Alternatively, if you have PDEP and PEXT instructions you can implement a perfect shuffle, and use that to do the transpose as mentioned in Hacker's Delight. This is significantly faster (but I don't have timings handy):
shuffle(word) {
return pdep(word >> 32, 0xaaaaaaaaaaaaaaaa) | pdep(word, 0x5555555555555555);
} // outer perfect shuffle
transpose8x8(word) { return shuffle(shuffle(shuffle(word))); }
POWER's vgbbd instruction effectively implements the whole of transpose8x8 in a single instruction (and since it's a 128-bit vector instruction it does it twice, independently, on the low 64 bits and the high 64 bits). This gave about 15% speed-up over the plain C implementation. (Only 15% because, although the bit twiddling is much faster, the overall run time is now dominated by the time it takes to load 8 bytes and assemble them into the argument to transpose8x8, and to take the result and store it as 8 separate bytes.)

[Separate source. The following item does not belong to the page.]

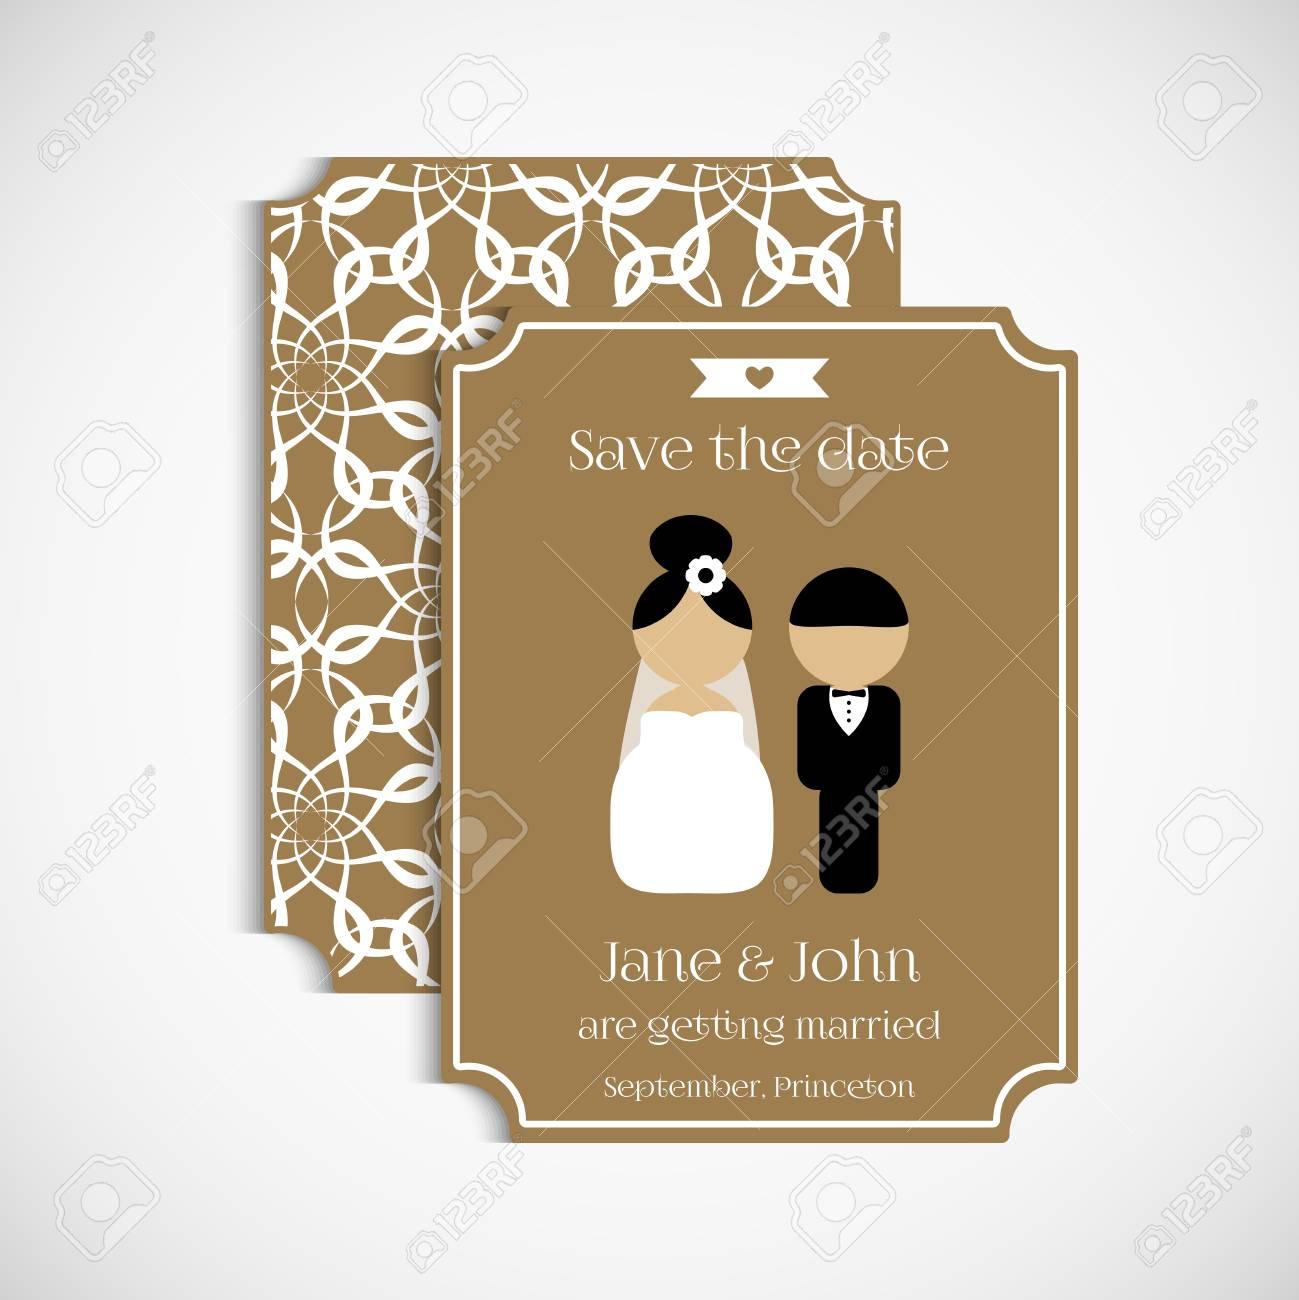 Conjunto De Invitaciones De Boda Vintage Florales Invitación De Boda Tarjeta Banner Etiqueta Evento De Matrimonio Los Iconos De La Novia Y El

My suggestion would be to use a lookup table to speed up the processing.
Another thing to note is with the current definition of your matrix the maximum size will be 8x8 bits. This fits into a uint64_t so we can use this to our advantage especially when using a 64-bit platform.
I have worked out a simple example using a lookup table which you can find below and run using: http://www.tutorialspoint.com/compile_cpp11_online.php online compiler.
Example code
#include <iostream>
#include <bitset>
#include <stdint.h>
#include <assert.h>
using std::cout;
using std::endl;
using std::bitset;
/* Static lookup table */
static uint64_t lut[256];
/* Helper function to print array */
template<int N>
void print_arr(const uint8_t (&arr)[N]){
for(int i=0; i < N; ++i){
cout << bitset<8>(arr[i]) << endl;
}
}
/* Transpose function */
template<int N>
void transpose_bitmatrix(const uint8_t (&matrix)[N], uint8_t (&transposed)[8]){
assert(N <= 8);
uint64_t value = 0;
for(int i=0; i < N; ++i){
value = (value << 1) + lut[matrix[i]];
}
/* Ensure safe copy to prevent misalignment issues */
/* Can be removed if input array can be treated as uint64_t directly */
for(int i=0; i < 8; ++i){
transposed[i] = (value >> (i * 8)) & 0xFF;
}
}
/* Calculate lookup table */
void calculate_lut(void){
/* For all byte values */
for(uint64_t i = 0; i < 256; ++i){
auto b = std::bitset<8>(i);
auto v = std::bitset<64>(0);
/* For all bits in current byte */
for(int bit=0; bit < 8; ++bit){
if(b.test(bit)){
v.set((7 - bit) * 8);
}
}
lut[i] = v.to_ullong();
}
}
int main()
{
calculate_lut();
const uint8_t matrix[] = {
0b01010101,
0b00110011,
0b00001111,
};
uint8_t transposed[8];
transpose_bitmatrix(matrix, transposed);
print_arr(transposed);
return 0;
}
How it works
your 3x8 matrix will be transposed to a 8x3 matrix, represented in an 8x8 array.
The issue is that you want to convert bits, your "horizontal" representation to a vertical one, divided over several bytes.
As I mentioned above, we can take advantage of the fact that the output (8x8) will always fit into a uint64_t. We will use this to our advantage because now we can use an uint64_t to write the 8 byte array, but we can also use it for to add, xor, etc. because we can perform basic arithmetic operations on a 64 bit integer.
Each entry in your 3x8 matrix (input) is 8 bits wide, to optimize processing we first generate 256 entry lookup table (for each byte value). The entry itself is a uint64_t and will contain a rotated version of the bits.
example:
byte = 0b01001111 = 0x4F
lut[0x4F] = 0x0001000001010101 = (uint8_t[]){ 0, 1, 0, 0, 1, 1, 1, 1 }
Now for the calculation:
For the calculations we use the uint64_t but keep in mind that under water it will represent a uint8_t[8] array. We simple shift the current value (start with 0), look up our first byte and add it to the current value.
The 'magic' here is that each byte of the uint64_t in the lookup table will either be 1 or 0 so it will only set the least significant bit (of each byte). Shifting the uint64_t will shift each byte, as long as we make sure we do not do this more than 8 times! we can do operations on each byte individually.
Issues
As someone noted in the comments: Translate(Translate(M)) != M so if you need this you need some additional work.
Perfomance can be improved by directly mapping uint64_t's instead of uint8_t[8] arrays since it omits a "safe-copy" to prevent alignment issues.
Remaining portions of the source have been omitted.